This is part of our voter guide coverage for the fall 2020 election.
VOTE FOR UP TO TWO
The battle for two seats on the Capitola City Council has three newcomers and an incumbent, who was elected in 2016.
Mayor Kristen Petersen, 33, who is finishing her year-long term as the city’s top elected official, says she hopes to see the Capitola Library construction through to its end. She says she campaigned for Measure S in 2016, the sales tax measure that funded construction and improvements at libraries throughout Santa Cruz County.
The project, which has transformed the city’s upper east end, is in its final stages. The city will also soon develop Rispin Park just across the street, she says.
“We’re going to have this really amazing space where you can get a library book from our new state-of-the-art library, and go right across the street to this historic park area,” says Petersen, a senior government relations associate for the Silicon Valley Leadership Group.
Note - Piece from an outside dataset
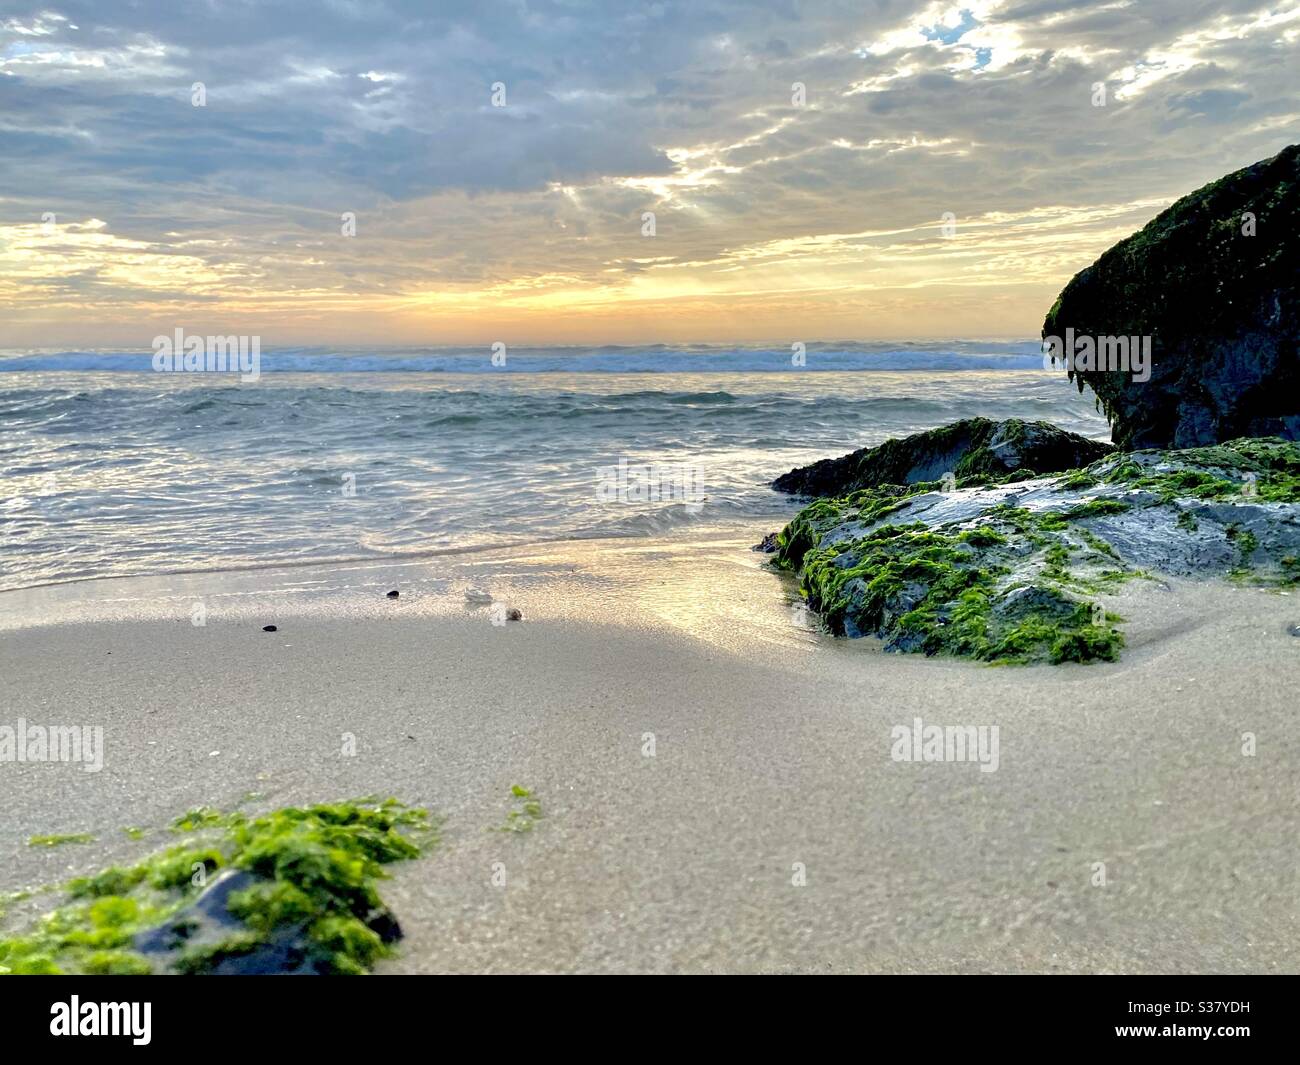 Bellissima spiaggia sabbiosa con oceano e rocce ricoperte di alghe Foto Stock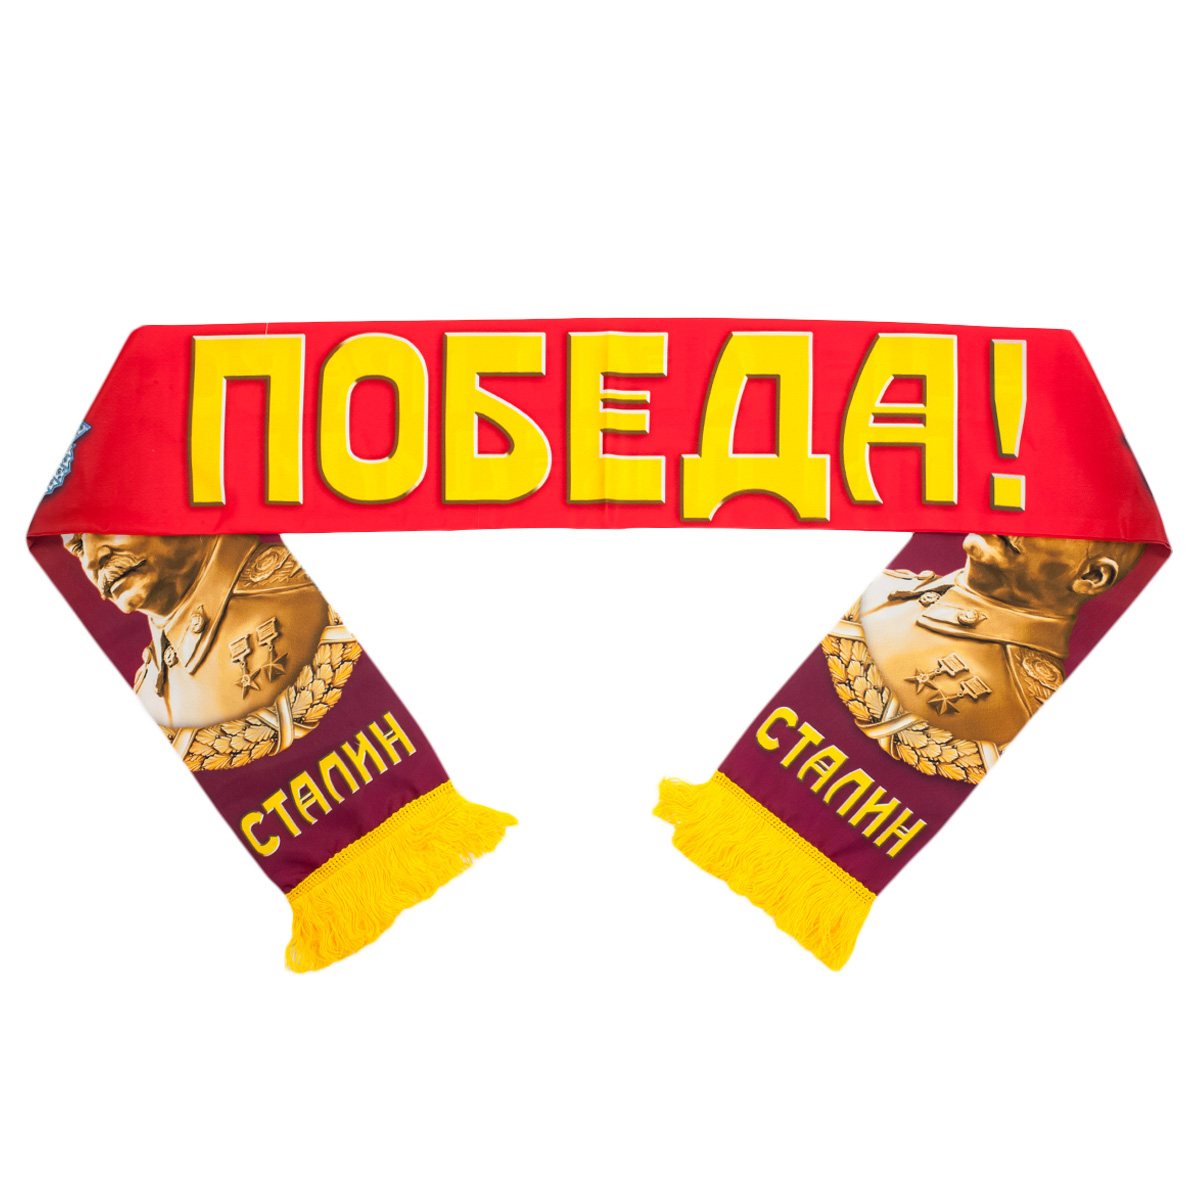 Мужской шарф со Сталиным "Мы победили!"

Capitola is preparing to redevelop the Capitola Mall, a project that could transform the city with a mix of new residential and retail. Petersen calls the project a “huge sea change” for the city that will bring jobs and housing.
“These next four years is when we’re really going to nail down the details, get the groundbreaking hopefully and really ramp up activity in that regard,” she says.
The timing’s significant, Petersen says, as the city faces revenue losses due to Covid-19 closures affecting small businesses, and she says the recovery could last a decade. She says she successfully advocated for getting young people involved in local politics, with students seated on all of the city’s advisory bodies.
Anthony Rovai, 55, is a financial advisor and lender, wealth manager, realtor and mortgage broker. He says his strong financial background gives him a unique perspective for elected office.
Many municipalities across the U.S., he notes, face pandemic-related financial troubles, and he wants to help the town bounce back.
“Our city is going to be in some very desperate need of some budgeting guidance and really thoughtful ways to grow our tax bases moving forward,” he says.
With his 26 years of financial experience in mind, he says he hopes to be part of the Capitola Mall project. “If it’s done right it can be an absolutely beautiful thing, and a great asset to the city of Capitola,” he says. “If it’s done wrong it can be an absolute disaster. So I am just looking for a smart mix between commercial and residential.”
Excited to be making his first foray into local politics, Rovai says he has been a part of the Capitola community since 1975. “I love this place,” he says.
Rovai is excited about plans for a hotel in Capitola Village, which he says could be a financial boon for the city. “We have to look at smart ways to enhance the tax revenues within the city so we can provide those services and support and keep the streets up and all those things we enjoy.”
Margaux Keiser, 33, a 12-year resident of Capitola, runs a personal training business. She says she was inspired to run when looking at the damage the Covid-19 pandemic is likely to cause.
As she earned her master’s degree in political science from San Jose State University, along with certifications in personal training, she says she worked at several restaurants and bars in Capitola Village.
That experience, along with her small business, has allowed her to get to build myriad personal relationships with people throughout the city.
Many people, she says, have little knowledge about their city council and therefore may be intimidated when it comes to participating in their local government.
“If there is a familiar face or a familiar name up there, I think it makes people more comfortable maybe to come forward or make contact or bring up issues that are happening for them,” she says.
Keiser says the Capitola Mall rebuild could be a good opportunity for the city to grow and bring new housing and jobs. But any project the city undertakes should be done expeditiously so Capitola can retain its small-town vibe, while positioning itself for future growth, she says.
“The main part is that everyone wants to keep it the quaint little town that it is,” she says, “but I think as we all see on the horizon there are going to be these opportunities for some type of growth.”
Will Little Bear Reising, 45, thinks of himself first and foremost as a father—then as a small business owner and a homeowner. All of those, coupled with a love of the community in which he has lived his entire life, inspired him to run for office.
Reising makes Willy Willy Hot Sauce, and he’s worked for tech companies like IBM, Oracle and Google as a “technologist” and account executive. Reising says he’s skilled at leading groups, helping to “foster new thinking” and to facilitate change.
Those skills are essential in a time when Covid-19 has upended nearly every aspect of life, he says. “Most of us have been challenged to think about how our daily lives are going to be conducted given all the challenges,” he says. “We’re also thinking about what our city and local governments can do to change things.”
Reising also says he’s concerned about the small businesses that are at risk of closing. “That is going to be a huge change in Capitola that will have an impact in the future for the city’s ability to generate revenue and the character of the town,” he says.